::: ENTRIES PROVIDED

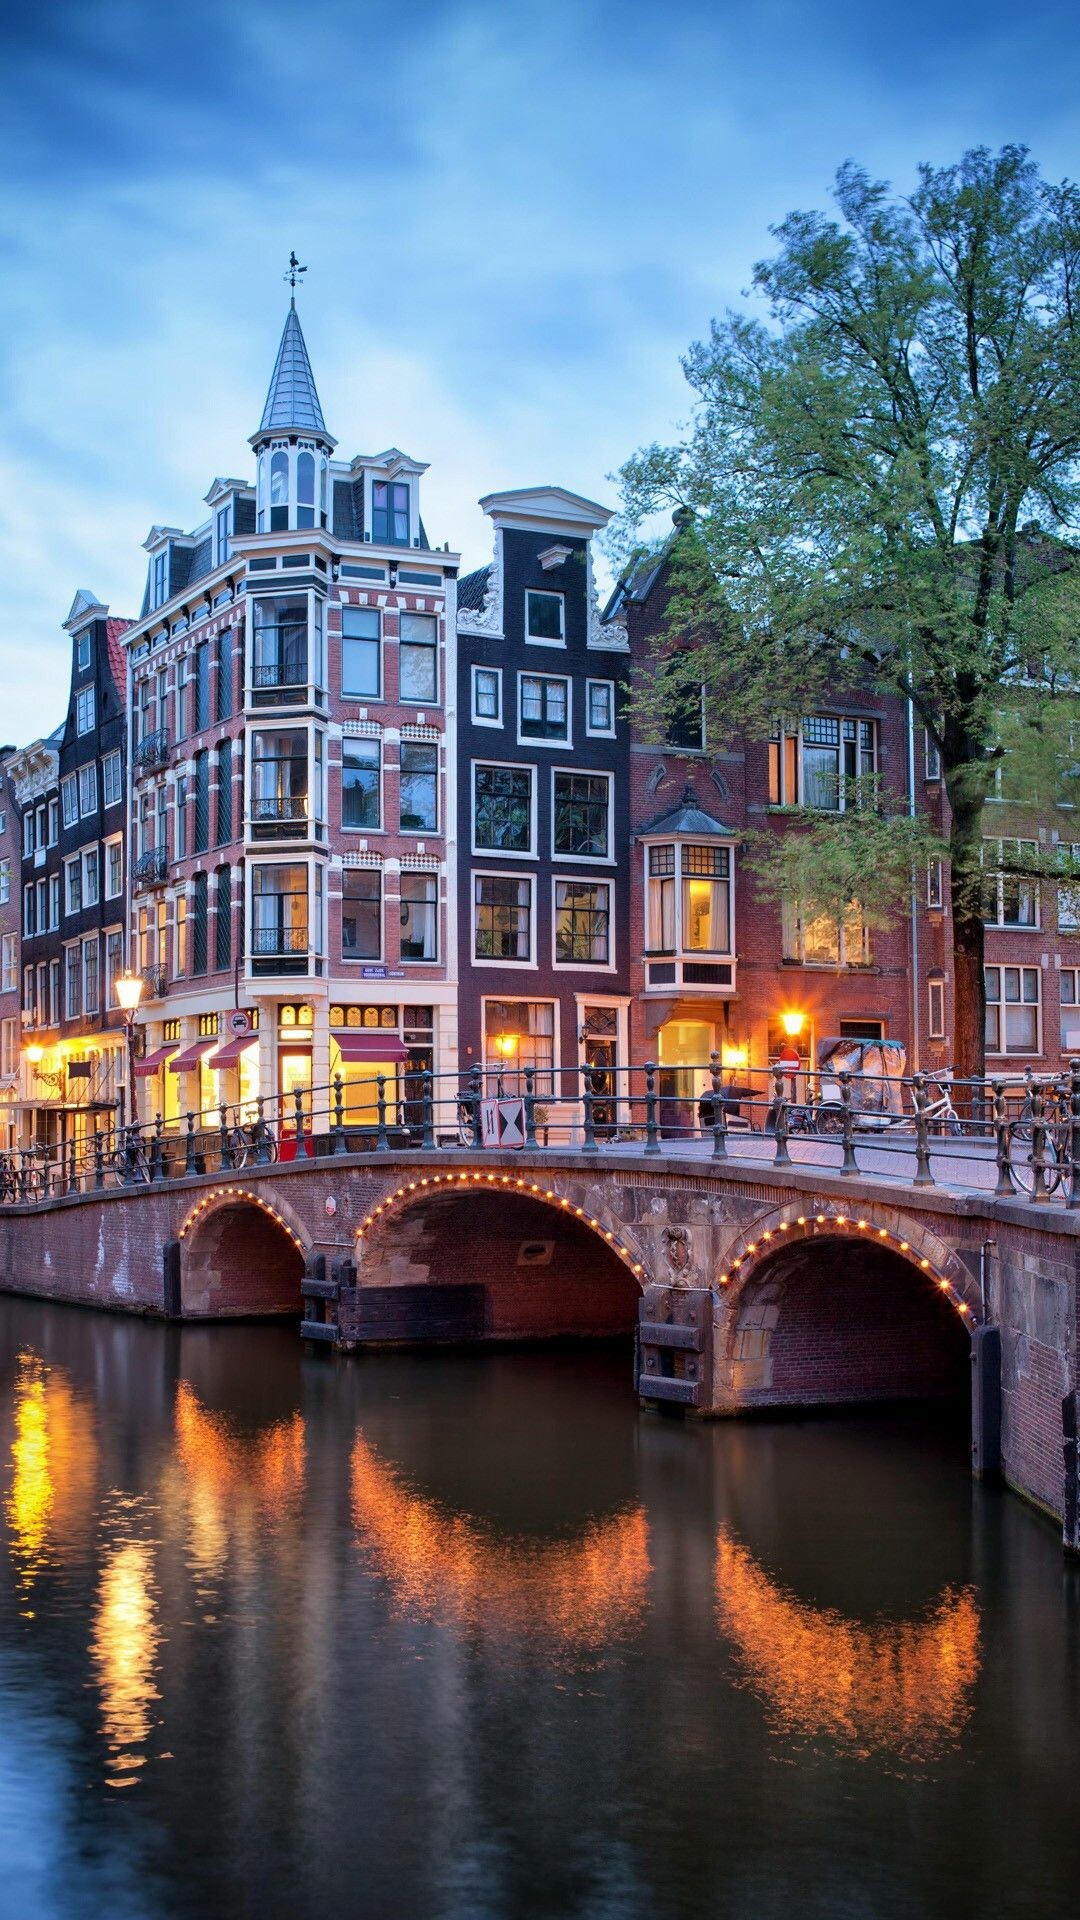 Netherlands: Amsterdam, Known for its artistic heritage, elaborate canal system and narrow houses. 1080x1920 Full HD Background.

::::::
::: ENTRIES PROVIDED

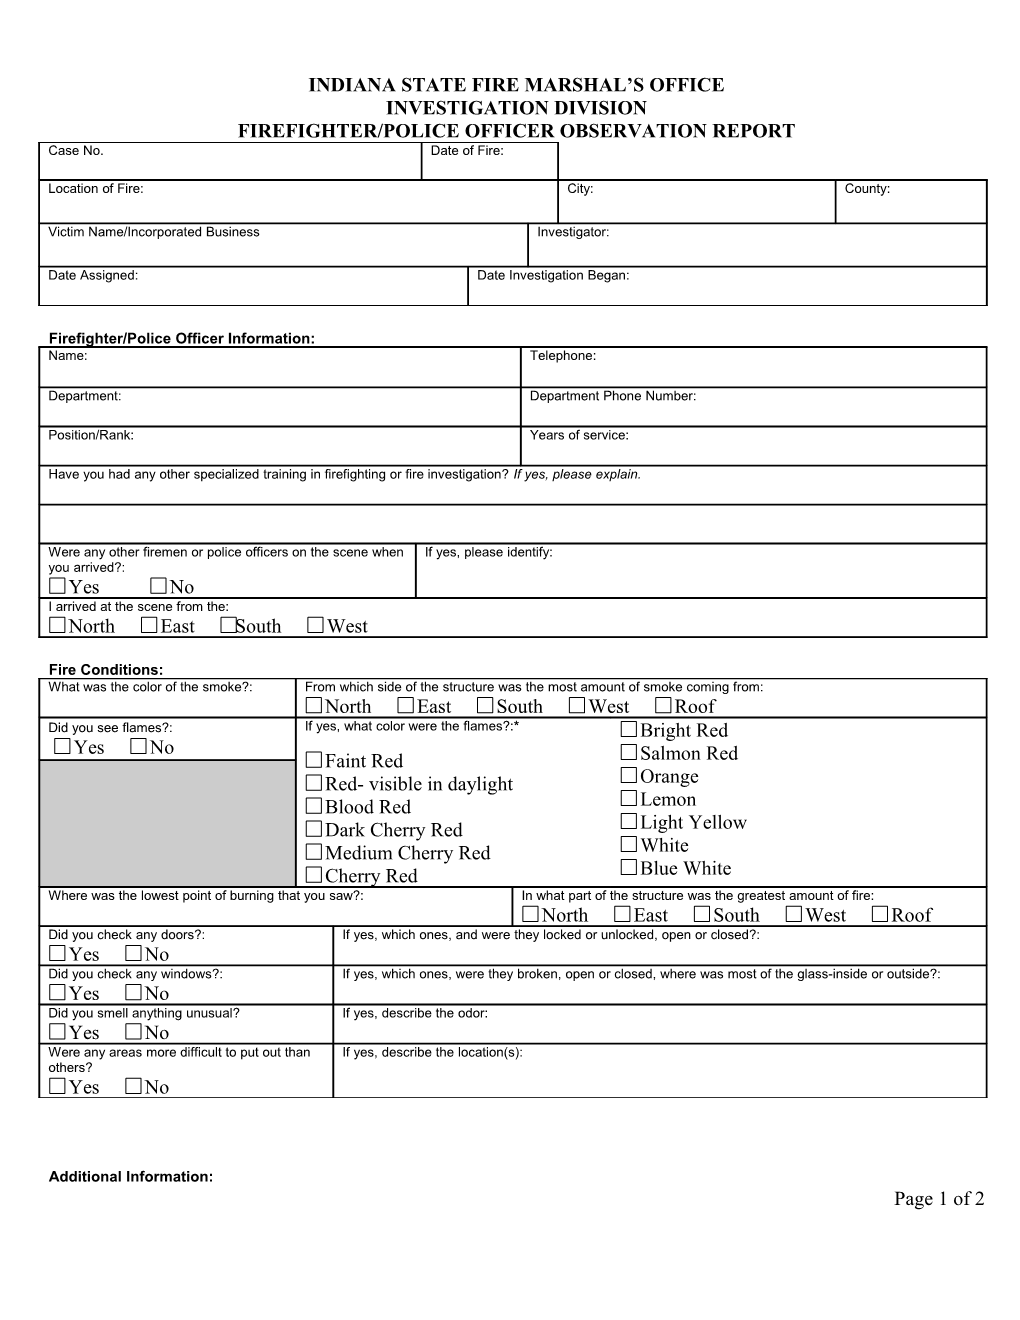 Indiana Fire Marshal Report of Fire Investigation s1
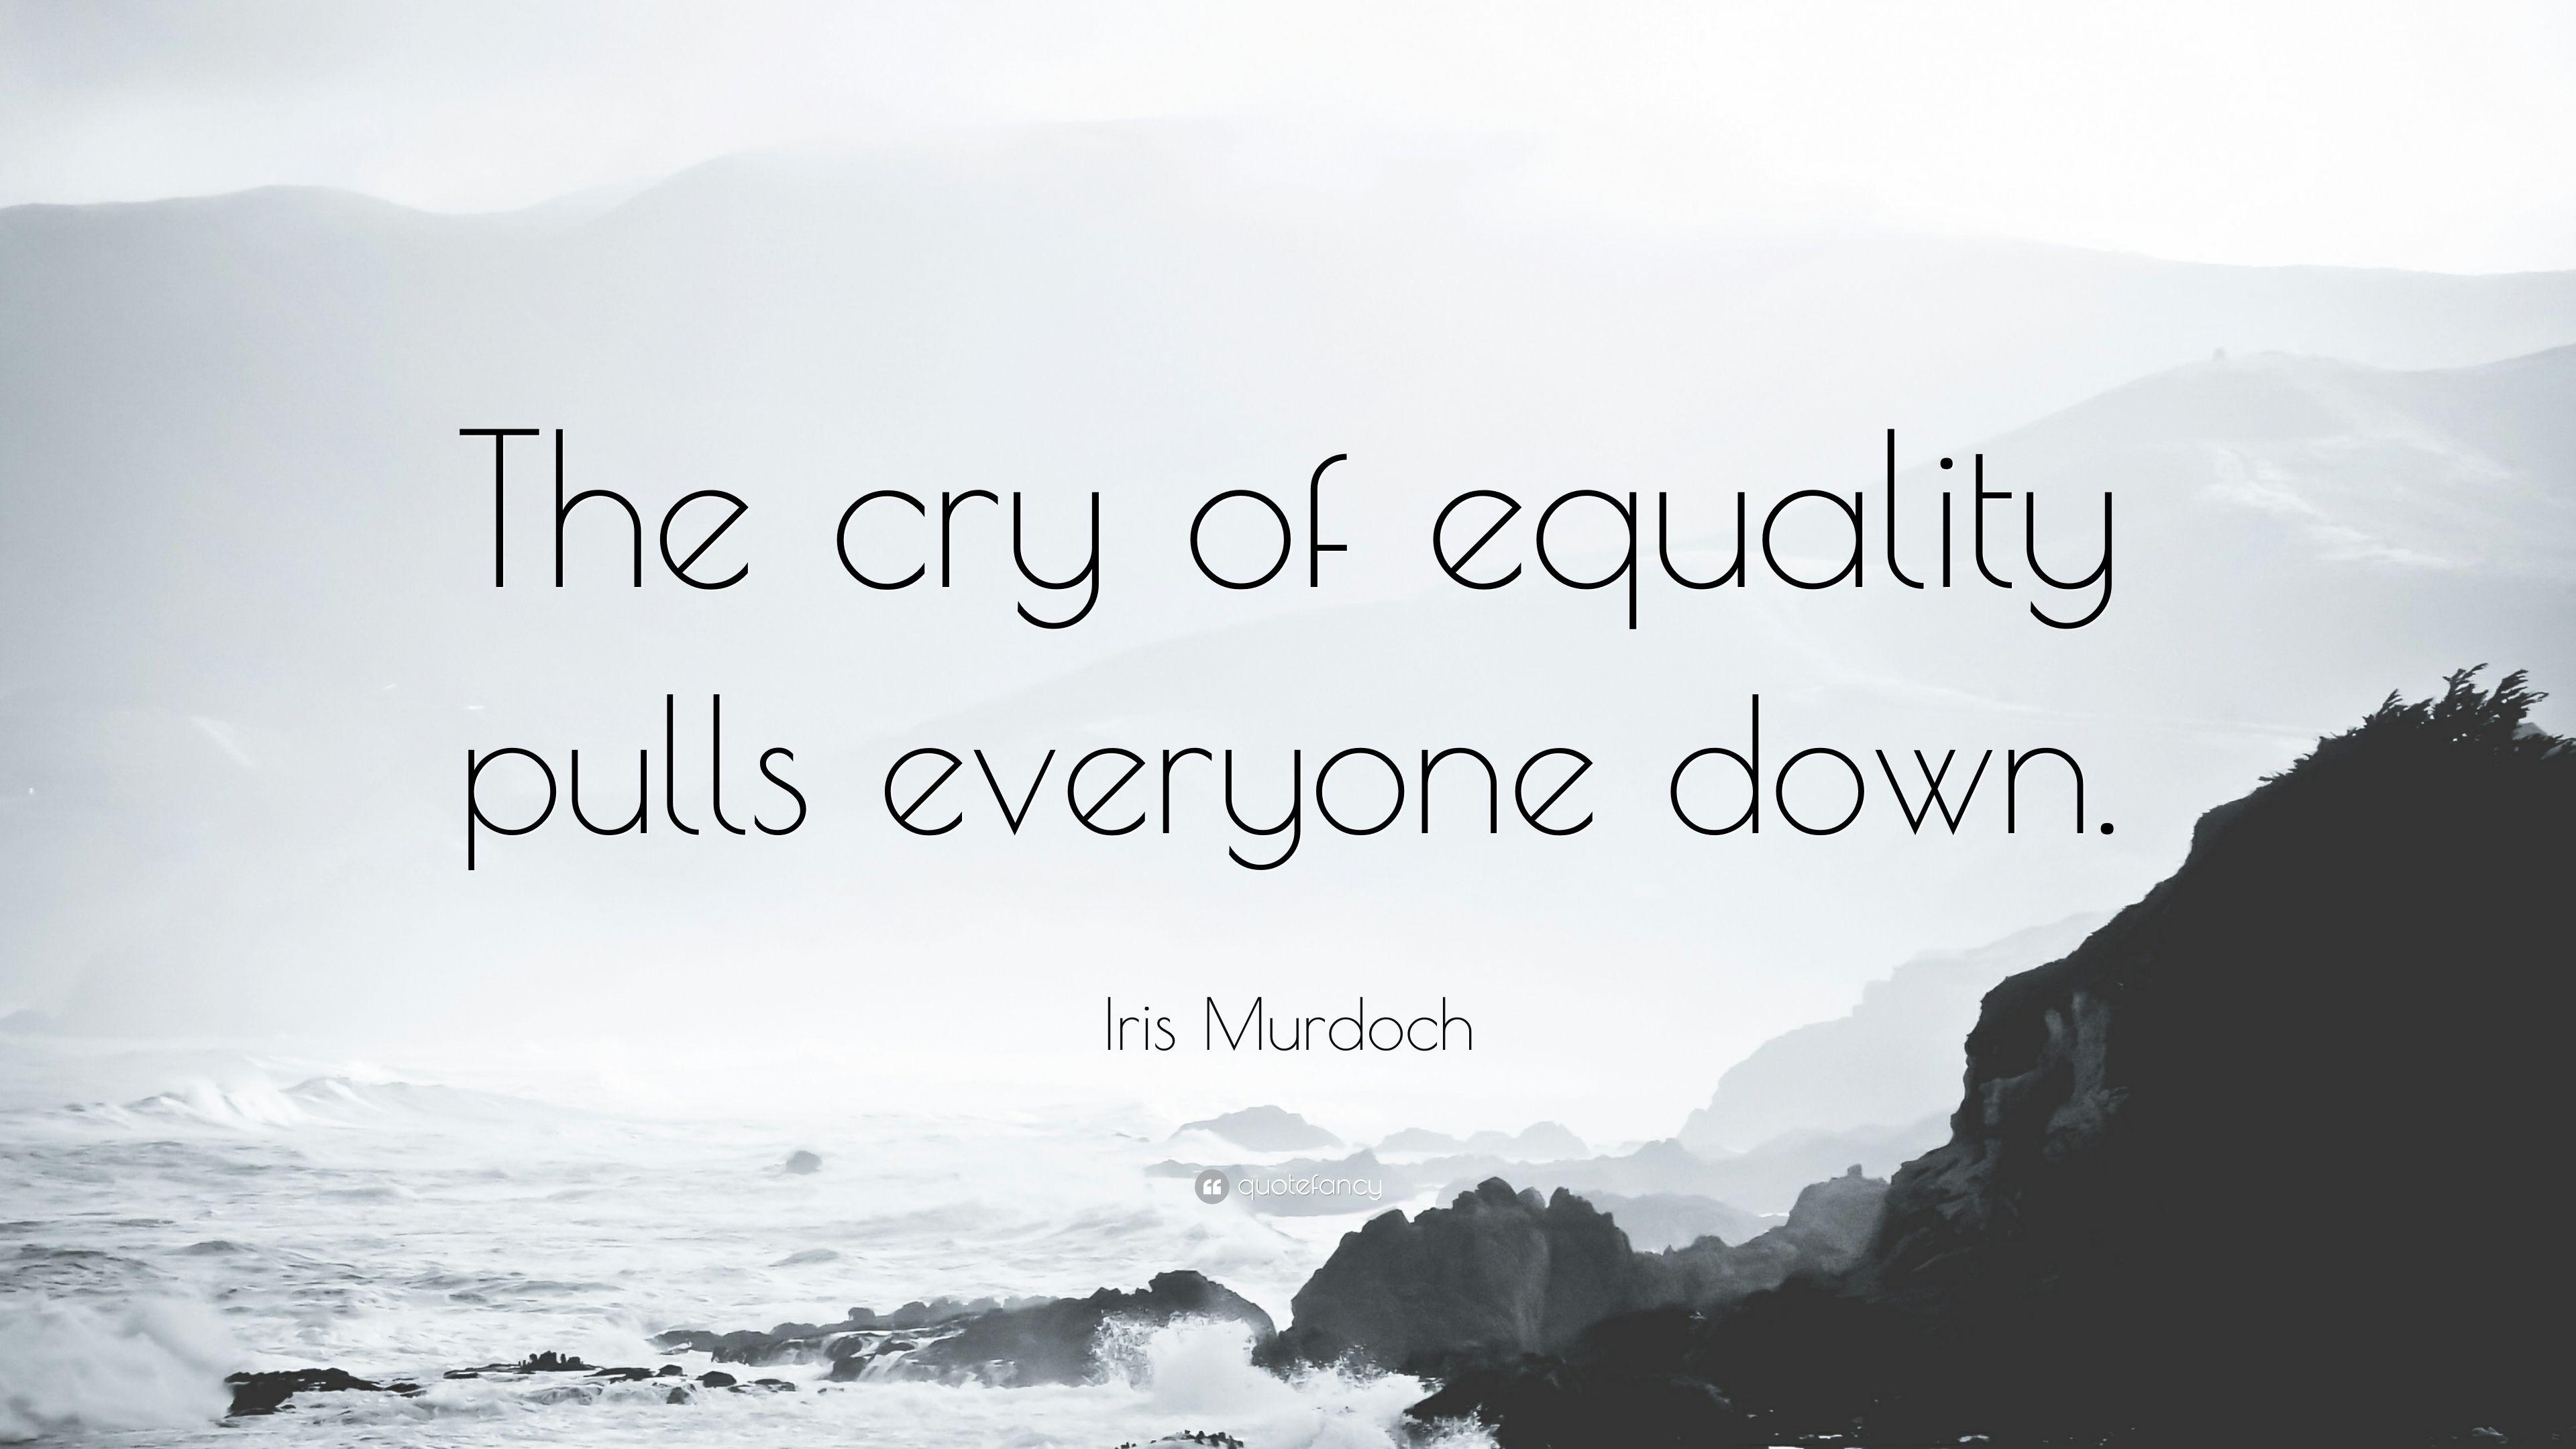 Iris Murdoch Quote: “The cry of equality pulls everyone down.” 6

::::::

◆ WORK INSTRUCTIONS: Beginning with the line above that has "Indiana Fire Marshal" and going on through the line that has "cry of equality", retype every line exactly and add nothing else; drop the pictures.

◆ YOUR RESPONSE:
 Indiana Fire Marshal Report of Fire Investigation s1
 Iris Murdoch Quote: “The cry of equality pulls everyone down.” 6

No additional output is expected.